■ PROBLEM TO WORK ON: Every line below from the one with "Dutch Colonial bronze" through the one with "Annie Broadus Collection" is to be repeated exactly, with no picture among them.

■ GIVEN RECORDS:
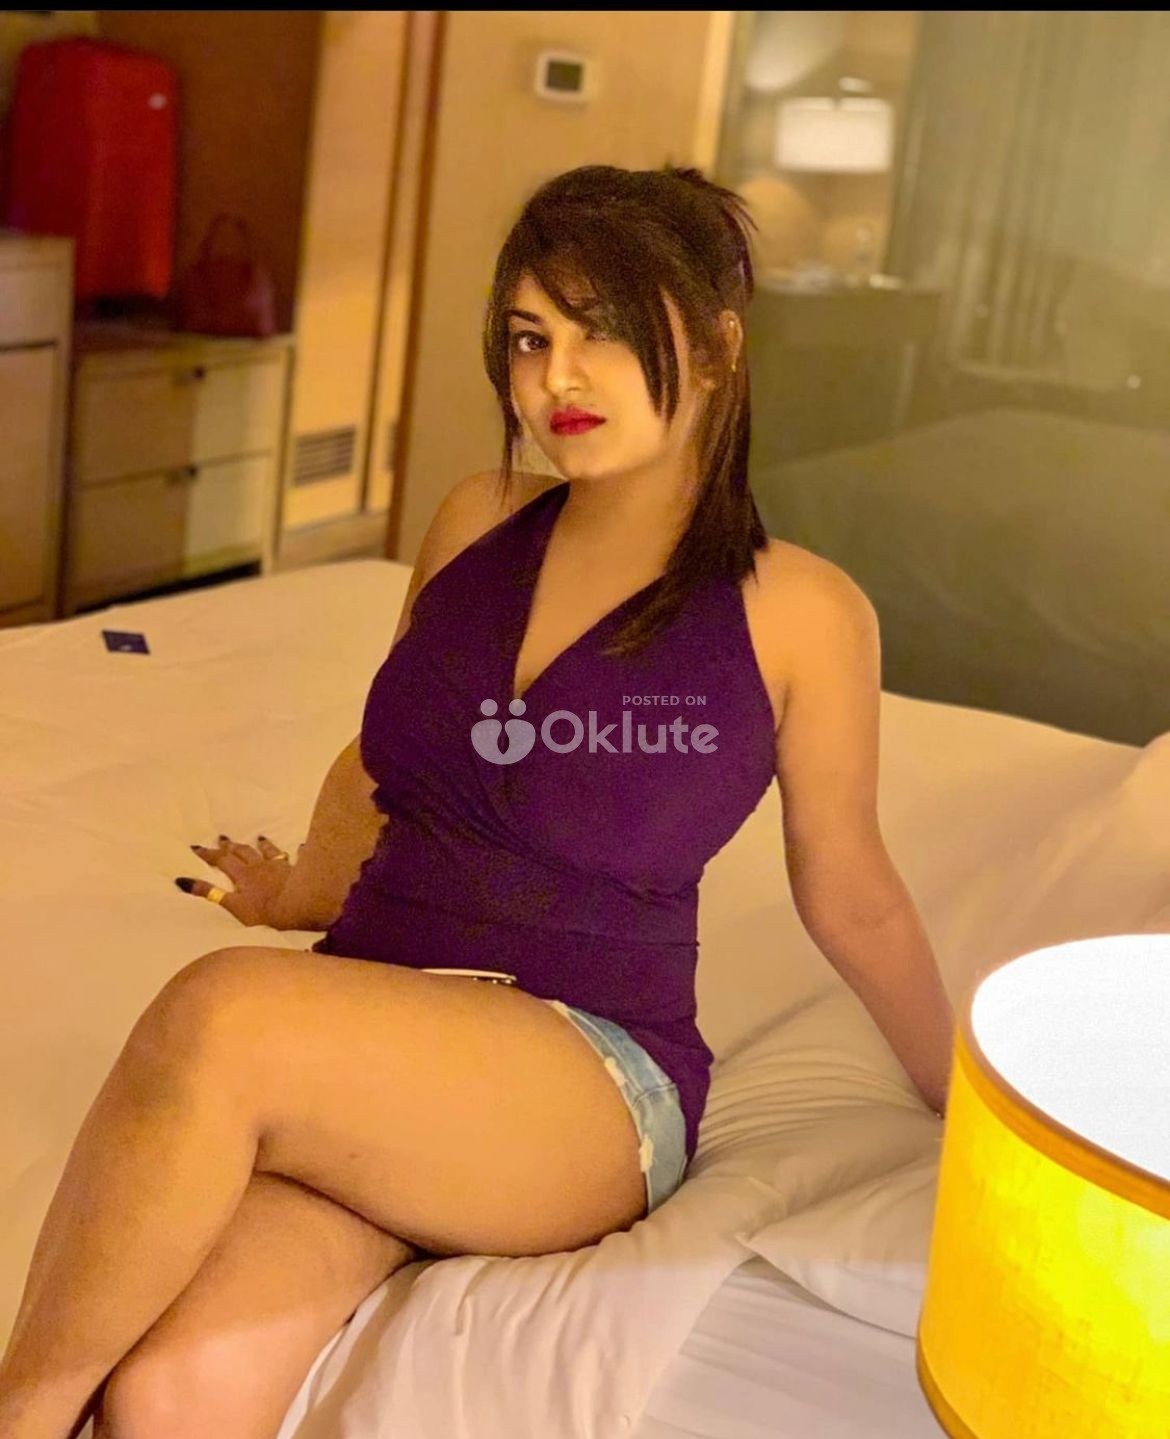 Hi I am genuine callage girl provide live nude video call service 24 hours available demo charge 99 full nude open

==

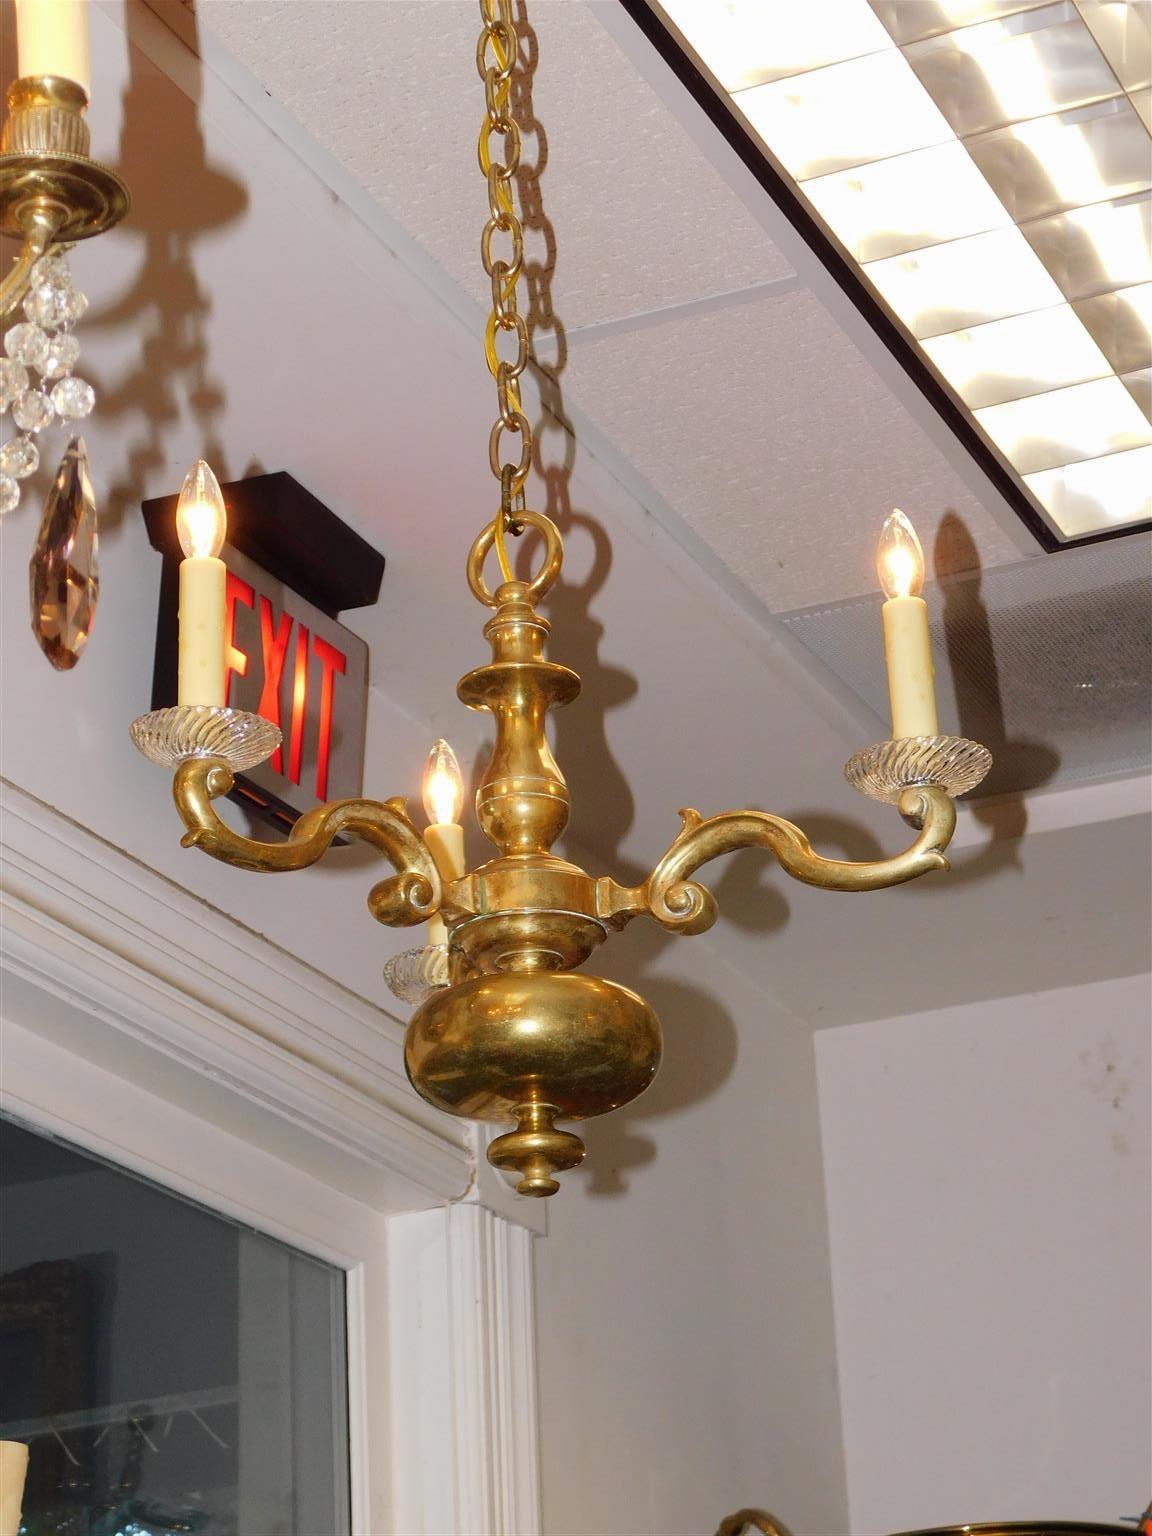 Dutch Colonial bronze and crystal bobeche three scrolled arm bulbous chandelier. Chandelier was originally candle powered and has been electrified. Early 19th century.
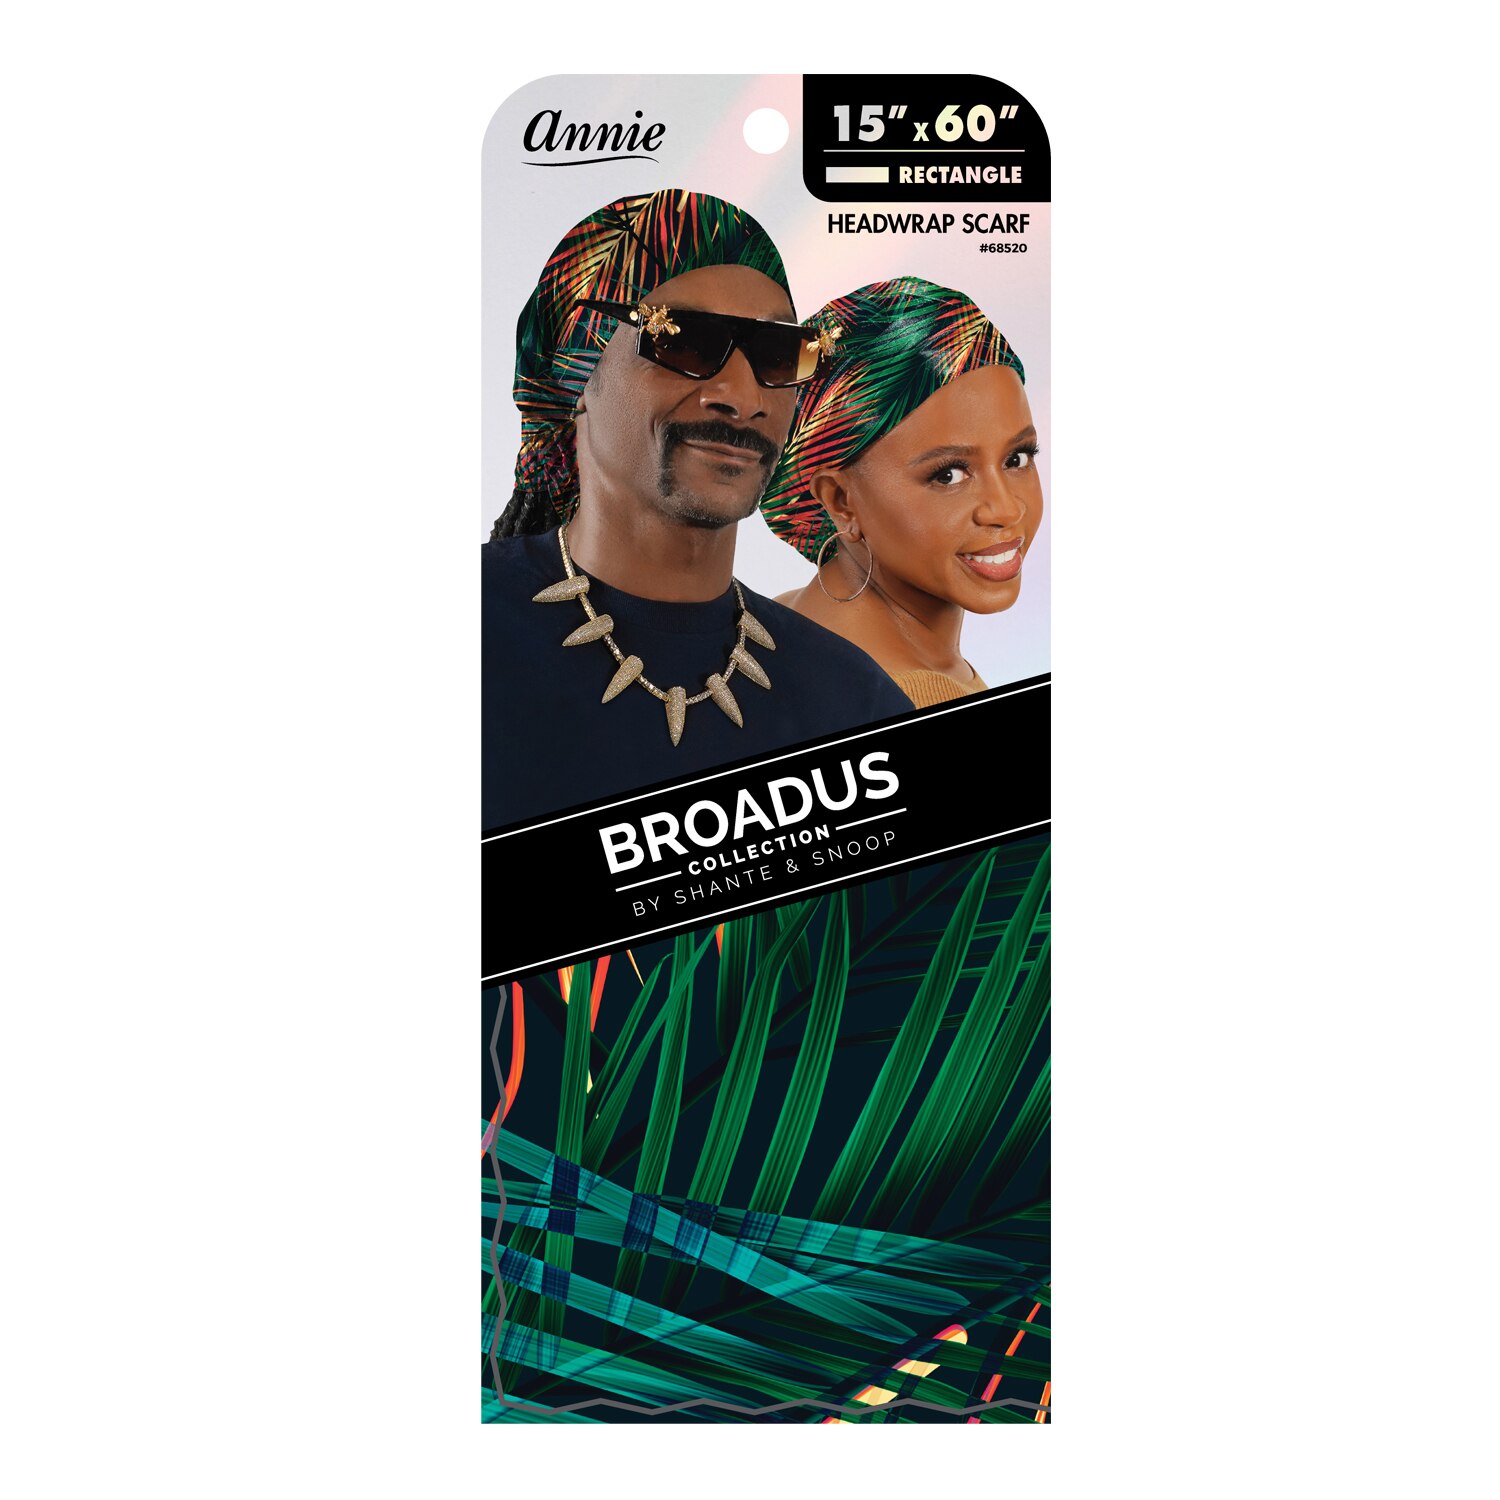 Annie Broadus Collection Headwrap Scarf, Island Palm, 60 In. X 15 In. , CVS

* * *

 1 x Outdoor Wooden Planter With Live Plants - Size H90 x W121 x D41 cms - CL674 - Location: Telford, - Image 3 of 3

■ WORKED SOLUTION:
 Dutch Colonial bronze and crystal bobeche three scrolled arm bulbous chandelier. Chandelier was originally candle powered and has been electrified. Early 19th century.
 Annie Broadus Collection Headwrap Scarf, Island Palm, 60 In. X 15 In. , CVS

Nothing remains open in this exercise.